When this happens, it appears that one of the workers fails but the rest of the
workers continue to run. How would I be able to configure the app to be able to
recover itself completely from the last successful checkpoint when this happens?
‐‐‐ Original Message ‐‐‐
On Monday, December 3, 2018 11:02 AM, Flink Developer
wrote:
> I have a Flink app on 1.5.2 which sources data from Kafka topic (400
> partitions) and runs with 400 parallelism. The sink uses bucketing sink to S3
> with rocks db. Checkpoint interval is 2 min and checkpoint timeout is 2 min.
> Checkpoint size is a few mb. After execution for a few days, I see:
>
> Org.apache.flink.runtime.executiongraph.ExecutionGraph - Error in failover
> strategy - falling back to global restart
> Java.lang.ClassCastException:
> com.amazonaws.services.s3.model.AmazonS3Exception cannot be cast to
> com.amazonaws.AmazonClientException
> At
> org.apache.hadoop.fs.s3a.AWSClientIOException.getCause(AWSClientIOException.java:42)

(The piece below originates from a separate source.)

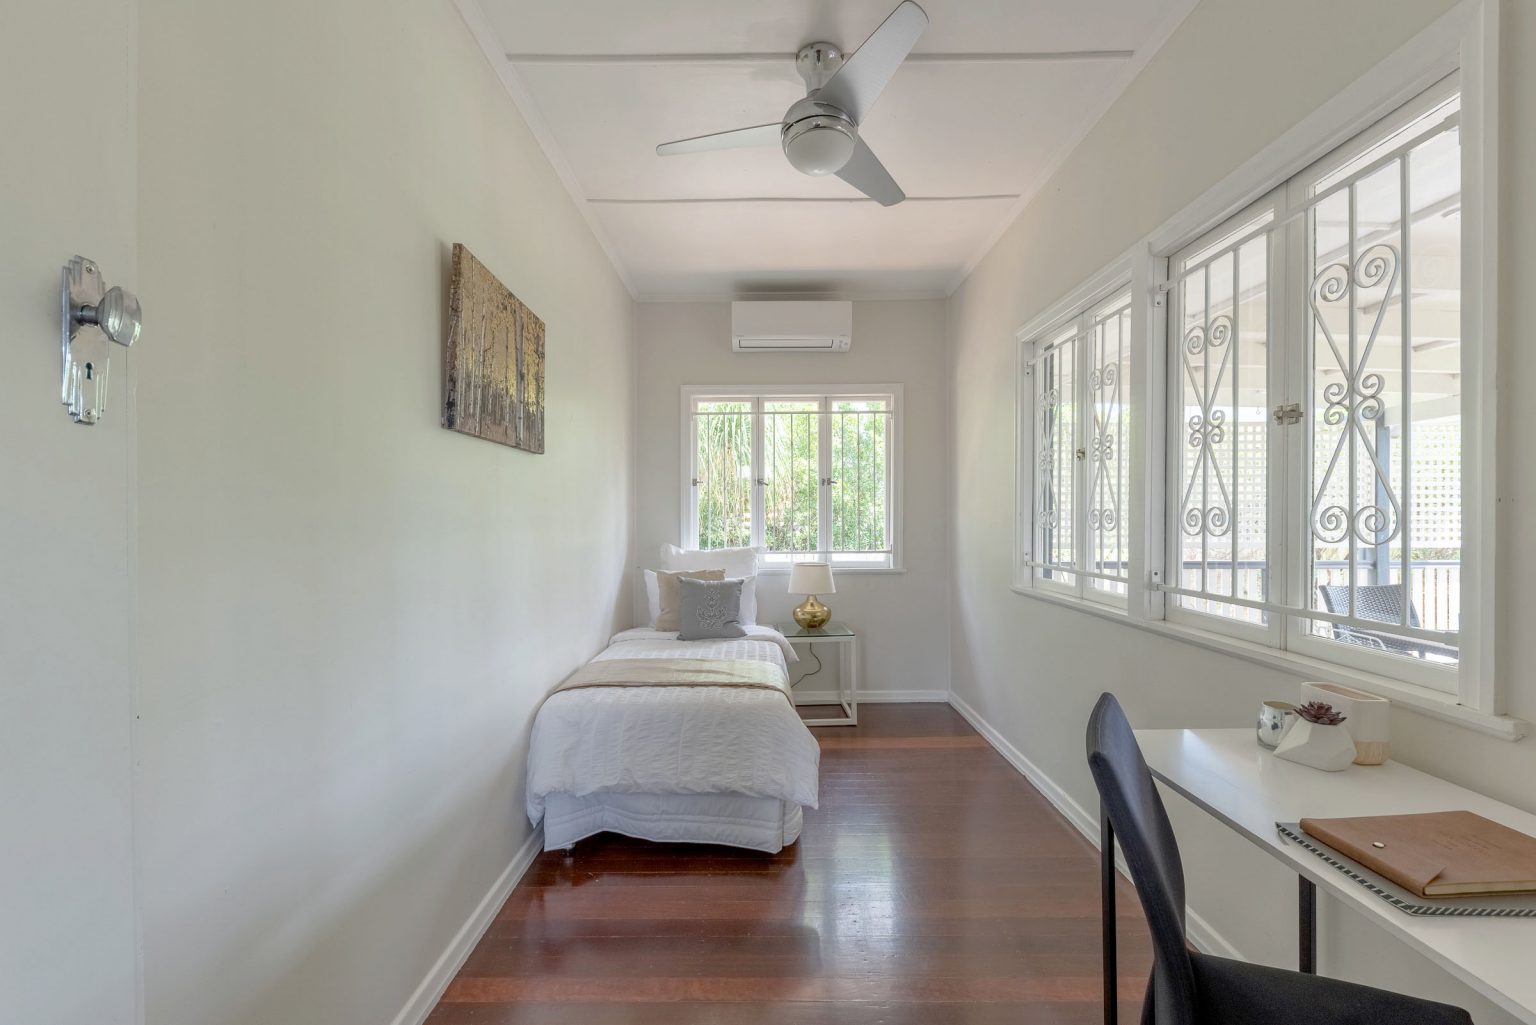 Real Estate Airbnb property photos photography Gold Coast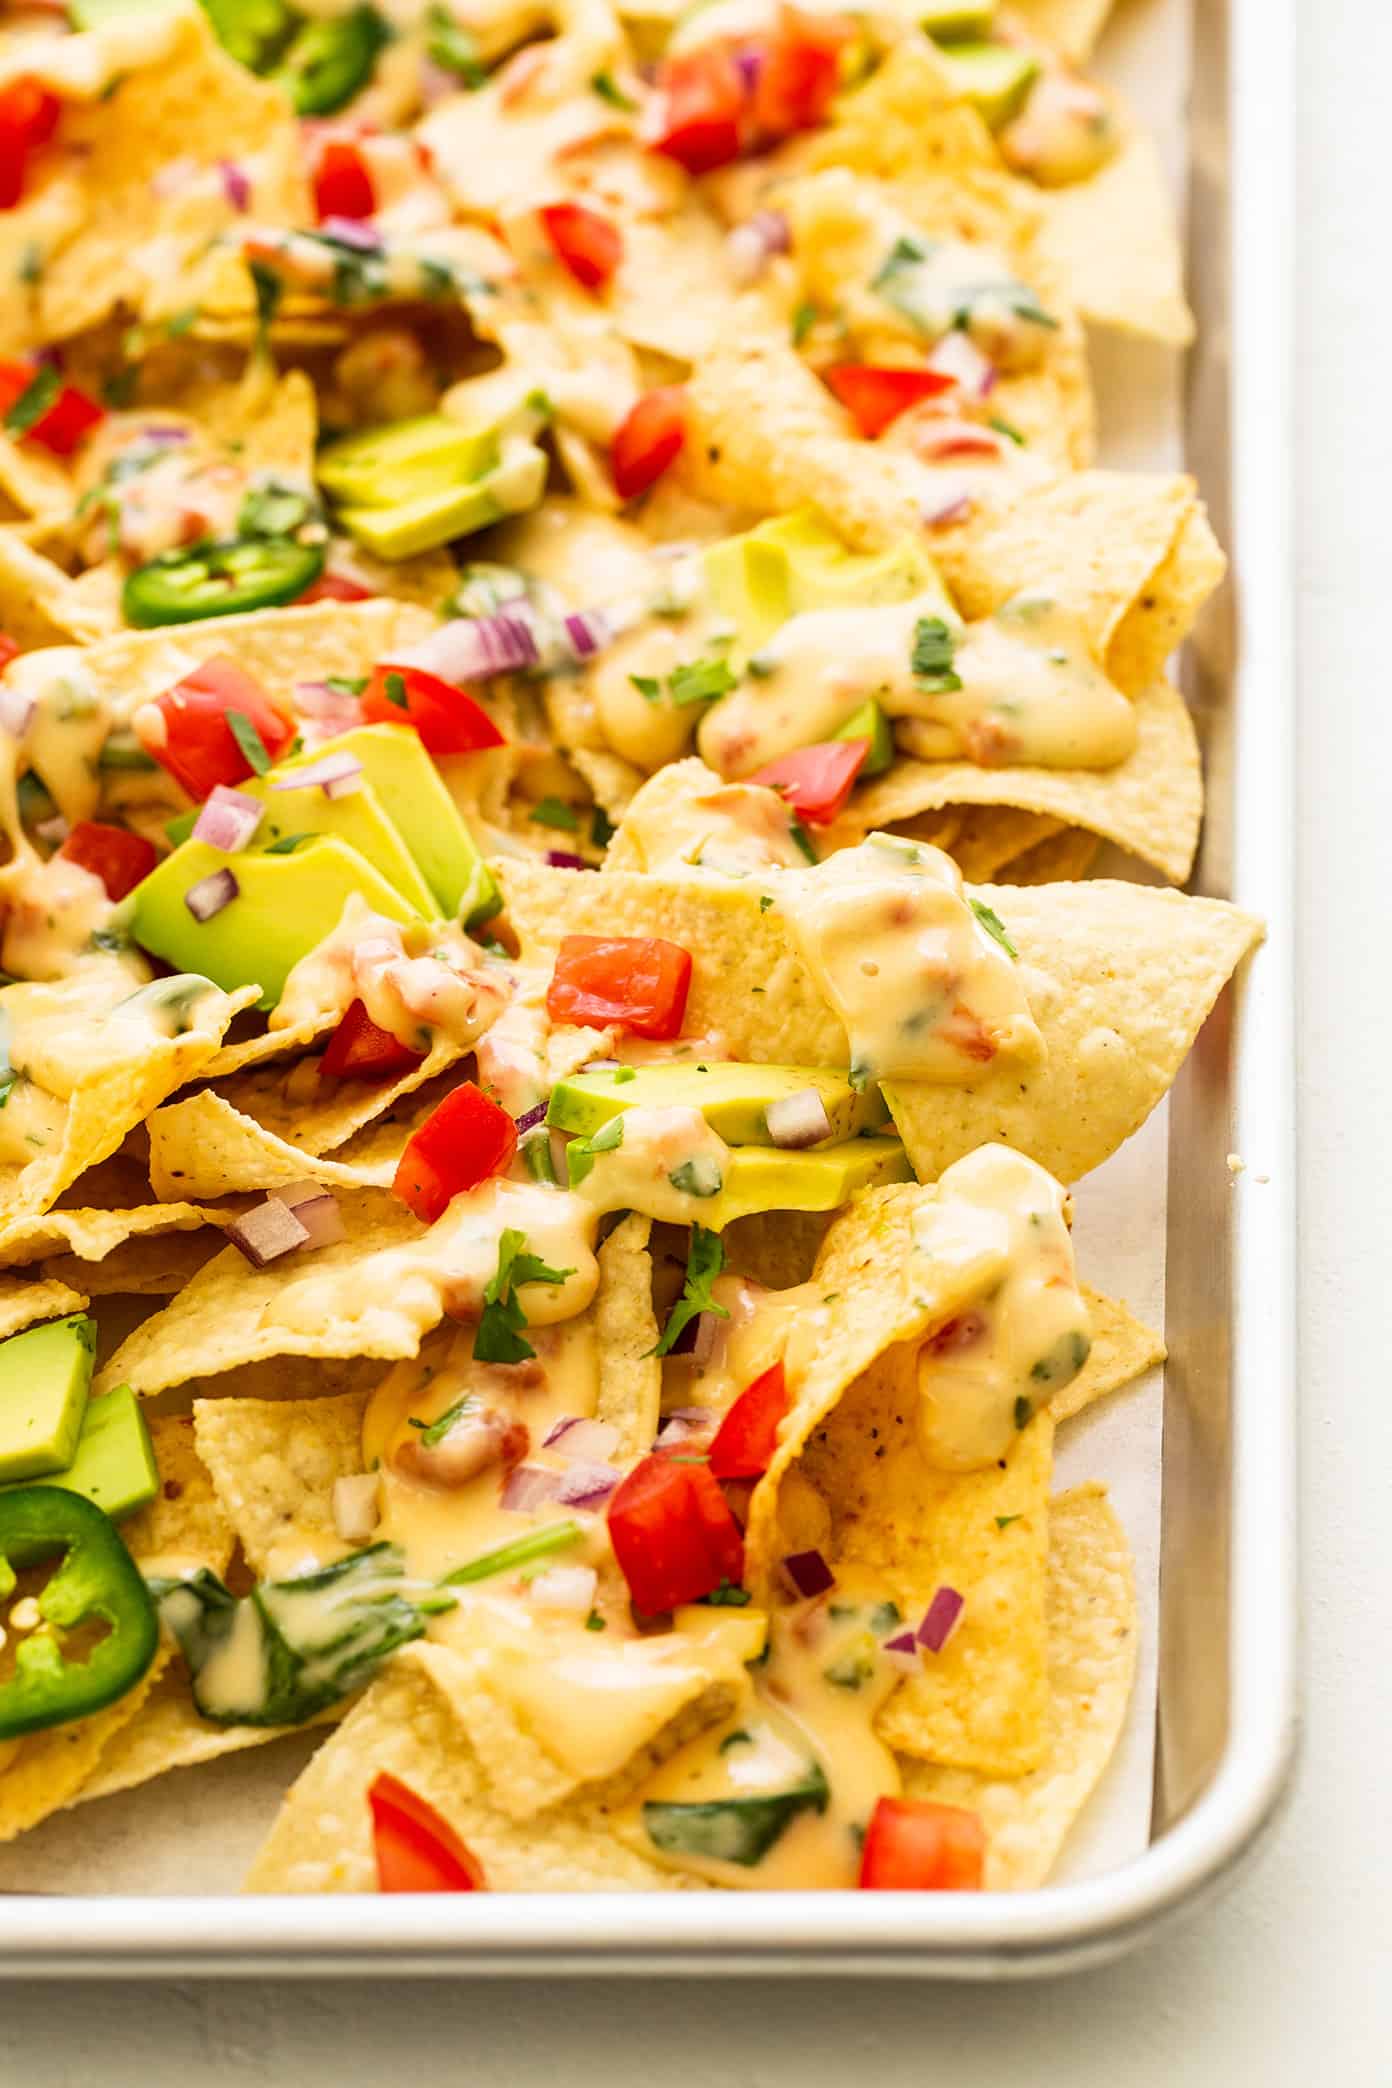 Easy Nachos in a Baking Sheet with Avocado and Queso Blanco

> At org.apache.flink.util.SerializedThrowable
> At org.apache.flink.runtime.executiongraph.ExecutionGraph.notifyJobStatus()
> At
> org.apache.flink.runtime.rpc.akka.AkkaRpcActor.handleRpcInvocation(AkkaRpcActor.java:247)
> At akka.dispatch.Mailbox.exec(Mailbox.scala:234)
>
> What causes the exception and why is the Flink job unable to recover? It
> states failing back to globsl restart? How can this be configured to recover
> properly? Is the checkloche interval/timeout too low? The Flink job's
> configuration shows Restart with fixed delay (0ms) #2147483647 restart
> attempts.